The dataset is composed of 21 columns split into bank data client:

1 - age (numeric)
2 - job : type of job (categorical: 'admin.','blue-collar','entrepreneur','housemaid','management','retired','self-employed','services','student','technician','unemployed','unknown')
3 - marital : marital status (categorical: 'divorced','married','single','unknown'; note: 'divorced' means divorced or widowed)
4 - education (categorical: 'basic.4y','basic.6y','basic.9y','high.school','illiterate','professional.course','university.degree','unknown')
5 - default: has credit in default? (categorical: 'no','yes','unknown')
6 - housing: has housing loan? (categorical: 'no','yes','unknown')
7 - loan: has personal loan? (categorical: 'no','yes','unknown')

and other attributes:

8 - contact: contact communication type (categorical: 'cellular','telephone')
9 - month: last contact month of year (categorical: 'jan', 'feb', 'mar', ..., 'nov', 'dec')
10 - day_of_week: last contact day of the week (categorical: 'mon','tue','wed','thu','fri')
11 - duration: last contact duration, in seconds (numeric).

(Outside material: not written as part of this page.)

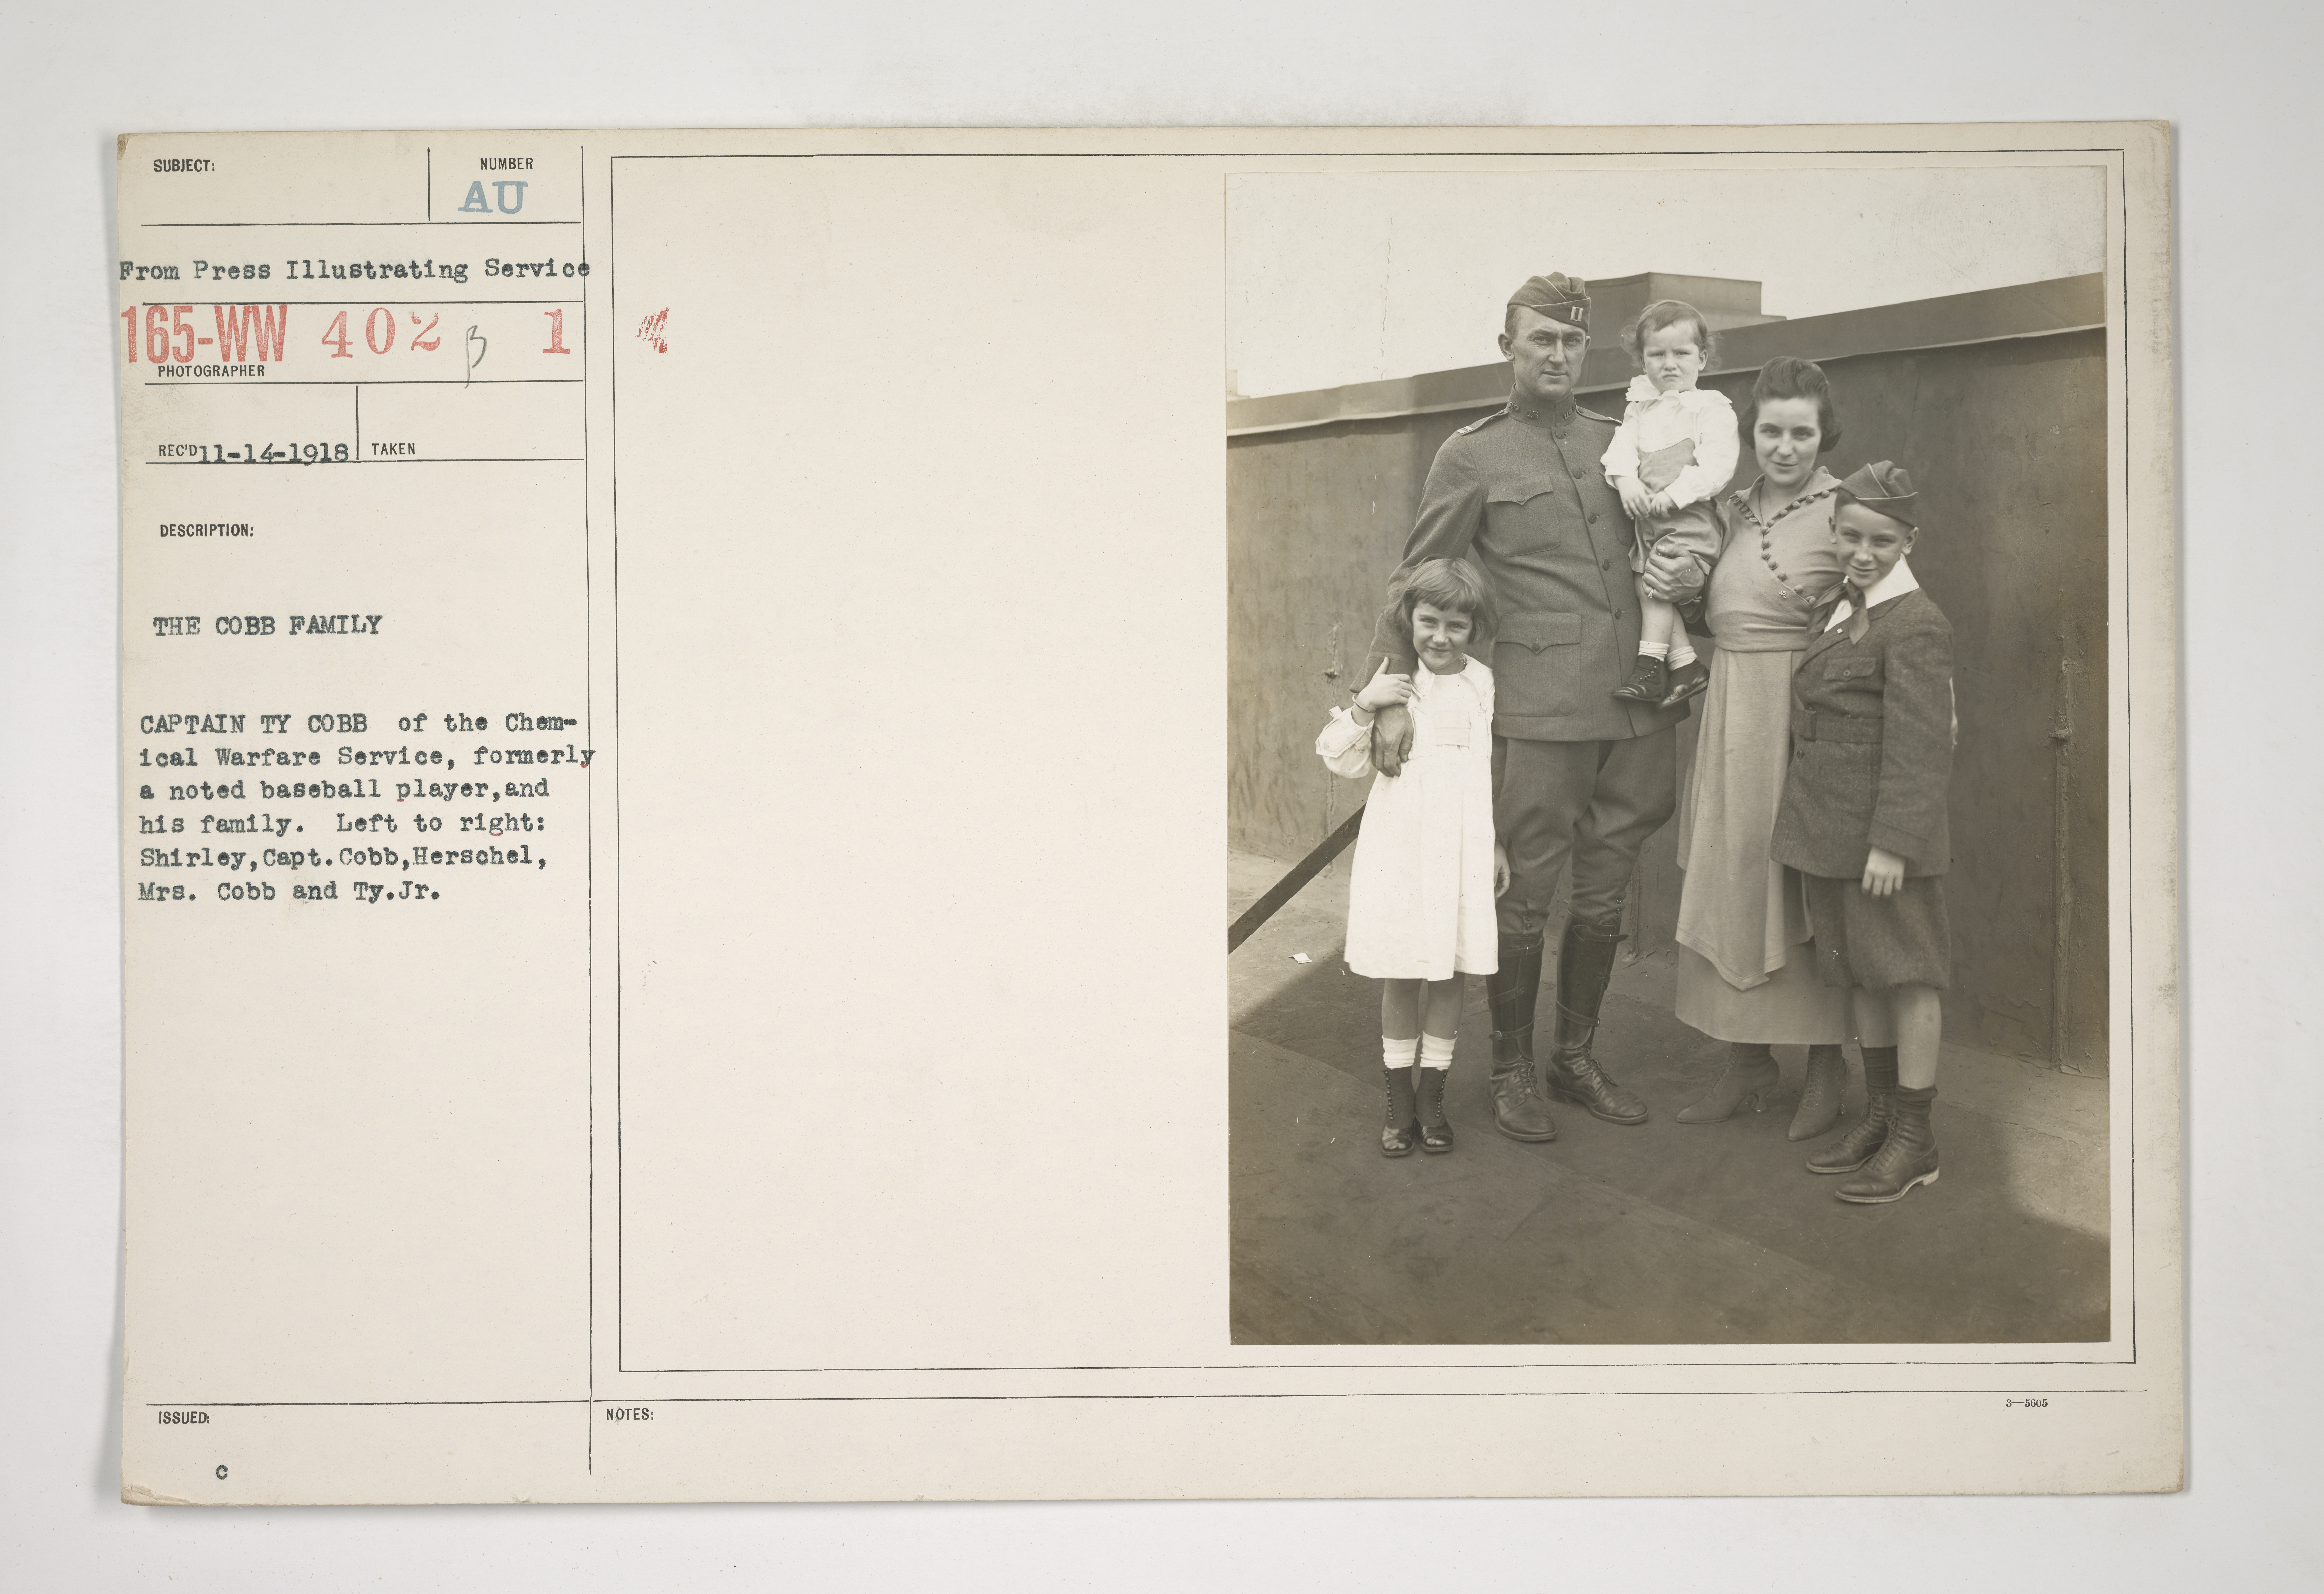 Personnel - Cobb through Cushing [165-WW-402B-1]

Important note: this attribute highly affects the output target (e.g., if duration=0 then y='no'). Yet, the duration is not known before a call is performed. Also, after the end of the call y is obviously known. Thus, this input should only be included for benchmark purposes and should be discarded if the intention is to have a realistic predictive model.

other attributes:

12 - campaign: number of contacts performed during this campaign and for this client (numeric, includes last contact)
13 - pdays: number of days that passed by after the client was last contacted from a previous campaign (numeric; 999 means client was not previously contacted)
14 - previous: number of contacts performed before this campaign and for this client (numeric)
15 - poutcome: outcome of the previous marketing campaign (categorical: 'failure','nonexistent','success')

social and economic context attributes

16 - emp.var.rate: employment variation rate - quarterly indicator (numeric)
17 - cons.price.idx: consumer price index - monthly indicator (numeric)
18 - cons.conf.idx: consumer confidence index - monthly indicator (numeric)
19 - euribor3m: euribor 3 month rate - daily indicator (numeric)
20 - nr.employed: number of employees - quarterly indicator (numeric)

The best model was the VotingEnsemble found by AutoML with an accuracy of 0.91612.

Scikit-learn Pipeline

As mentioned we have two approach: hyperparameter tuning and AutoML.

Hyperparameter tuning

In this part of the project we want to optimize our model using HyperDrive. HyperDrive is a tool in Azure ML that helps tuning hyperparameters. The algorithm in the train.py is sklearn LogisticRegression and the hyperparameters to optimize are

C: Inverse of regularization strength; must be a positive float. Like in support vector machines, smaller values specify stronger regularization.
max-iter: Maximum number of iterations taken for the solvers to converge.

The architecture is composed by a train script and a notebook. In the train.py script the CSV file data is loaded into a Azure tabular Dataset from a URL, then data is cleaned and split into train and test sets.

In the notebook a HyperDriveConfig is created passing a parameter sampler, a early termination policy and an estimator. In the configuration is also defined the metric to optimize, in this case we want to maximize the Accuracy, and the number of run, which has been set to 20.

Then the hypedrive run is submitted: what is does is run 20 (in our case) experiments with value randomly chosen by the Sampler.

What are the benefits of the parameter sampler you chose?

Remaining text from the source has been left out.